Using the records below, copy exactly the part that opens with the line holding "Diplomarbeit Hauptmann Michael" and closes with the line holding "Verdauungssystem, menschliche Anatomie, Röntgen", minus the pictures.

_DATA UNDER STUDY_:
"""

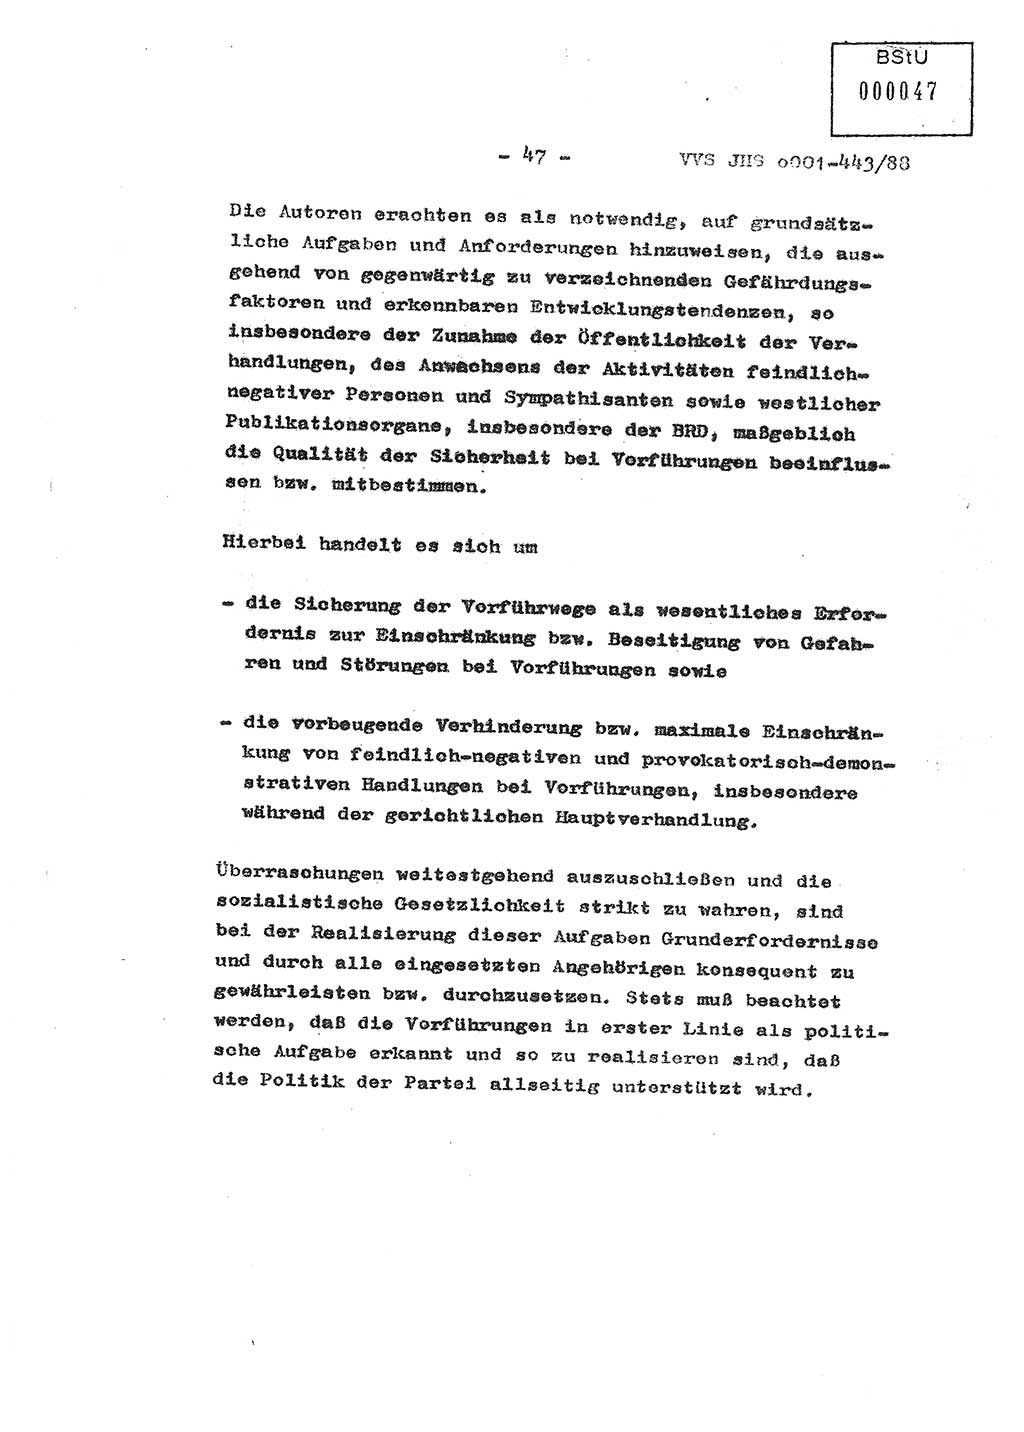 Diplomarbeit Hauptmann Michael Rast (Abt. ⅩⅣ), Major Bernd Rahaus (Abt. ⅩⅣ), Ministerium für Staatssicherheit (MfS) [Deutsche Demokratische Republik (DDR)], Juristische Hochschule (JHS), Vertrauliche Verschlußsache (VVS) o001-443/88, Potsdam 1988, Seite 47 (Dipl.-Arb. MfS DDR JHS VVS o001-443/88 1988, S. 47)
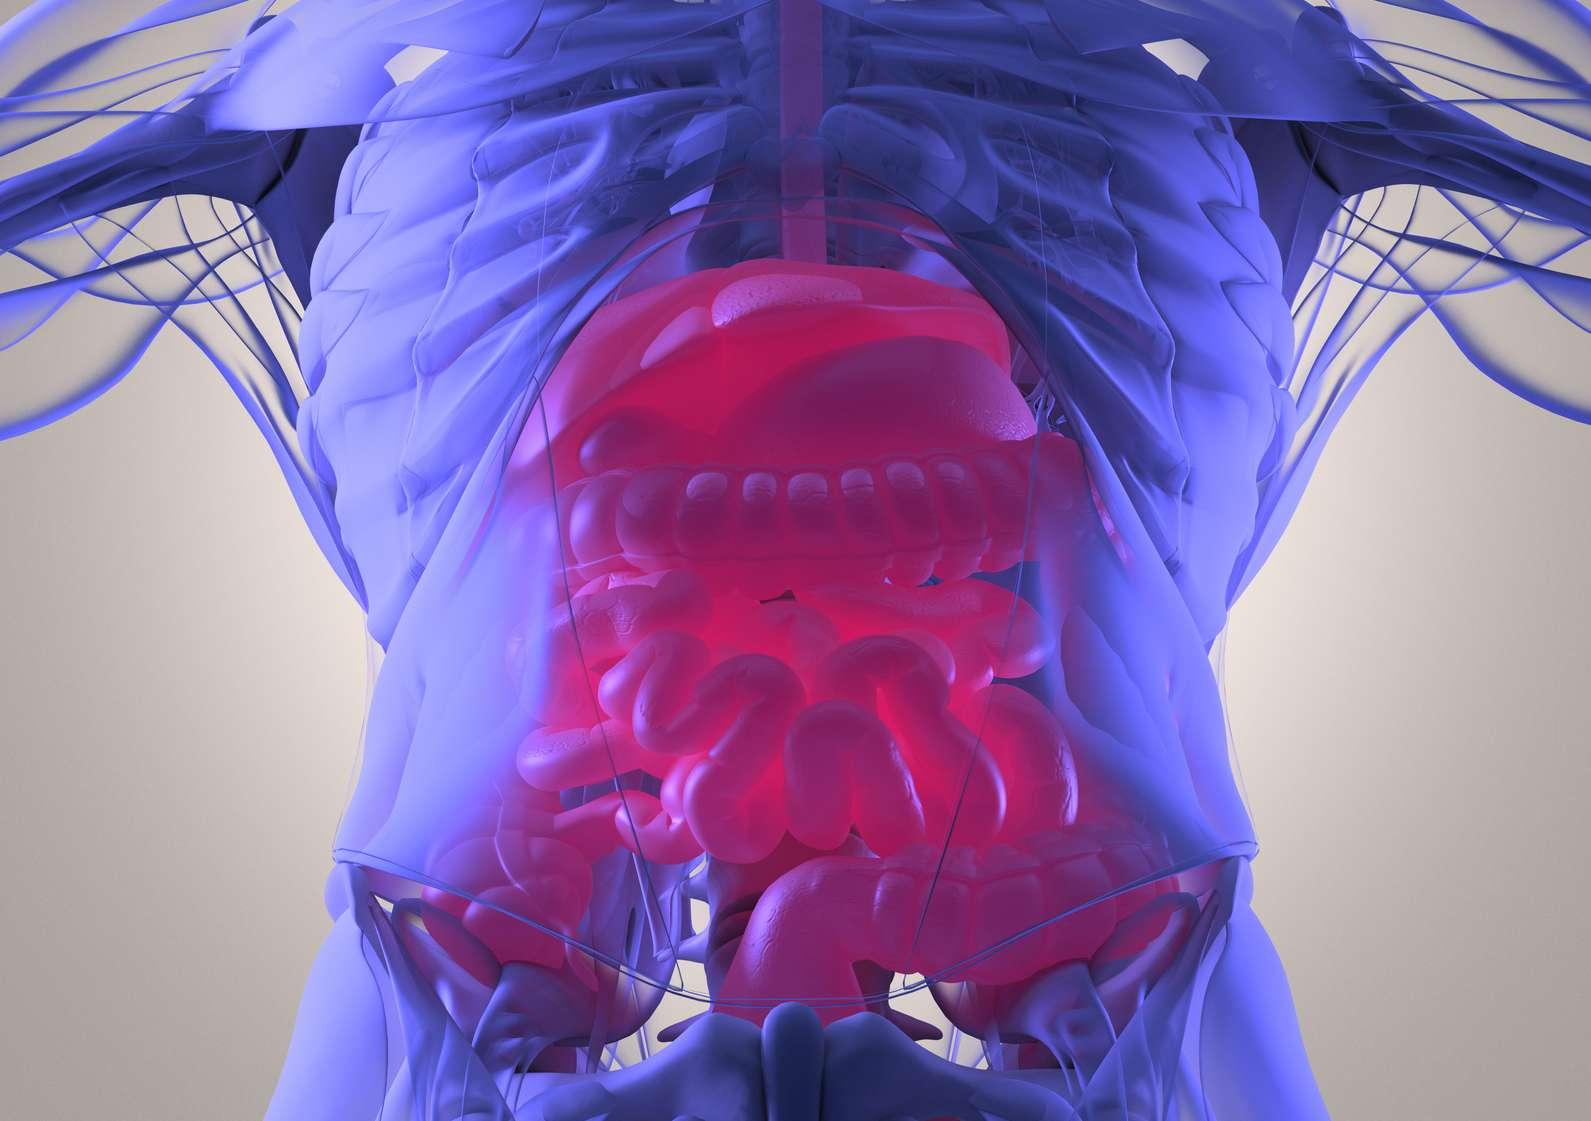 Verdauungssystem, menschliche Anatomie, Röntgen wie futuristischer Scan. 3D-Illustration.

"""
"""

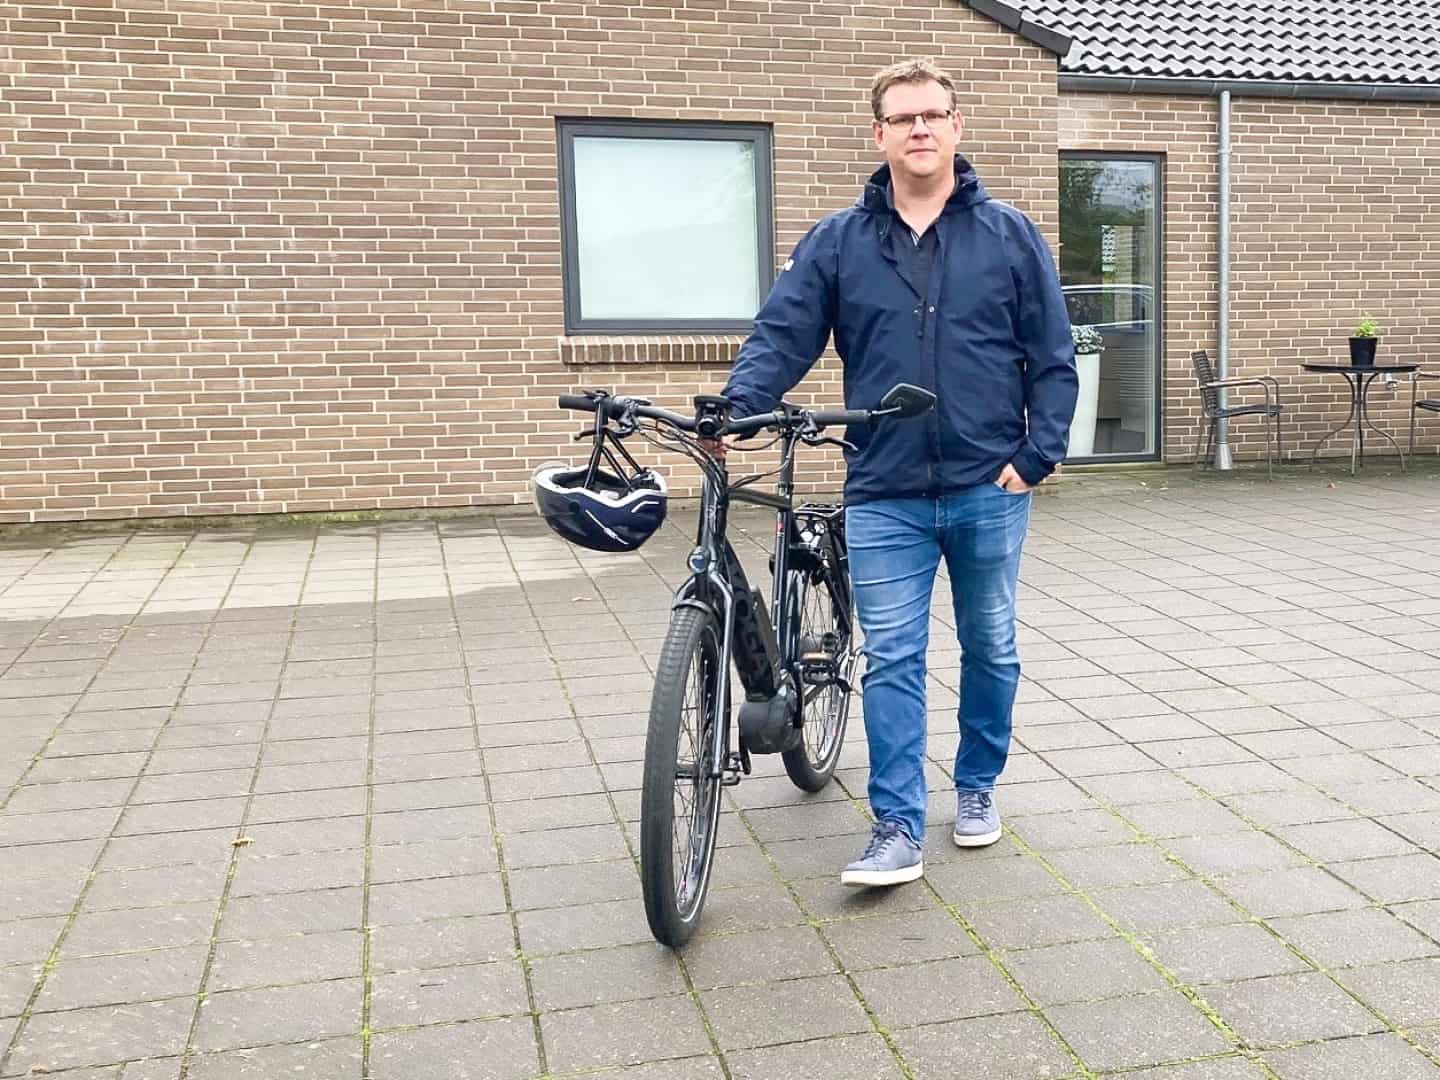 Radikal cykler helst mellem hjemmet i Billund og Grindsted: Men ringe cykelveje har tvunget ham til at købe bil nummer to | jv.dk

"""

_RESULT_:
 Diplomarbeit Hauptmann Michael Rast (Abt. ⅩⅣ), Major Bernd Rahaus (Abt. ⅩⅣ), Ministerium für Staatssicherheit (MfS) [Deutsche Demokratische Republik (DDR)], Juristische Hochschule (JHS), Vertrauliche Verschlußsache (VVS) o001-443/88, Potsdam 1988, Seite 47 (Dipl.-Arb. MfS DDR JHS VVS o001-443/88 1988, S. 47)
 Verdauungssystem, menschliche Anatomie, Röntgen wie futuristischer Scan. 3D-Illustration.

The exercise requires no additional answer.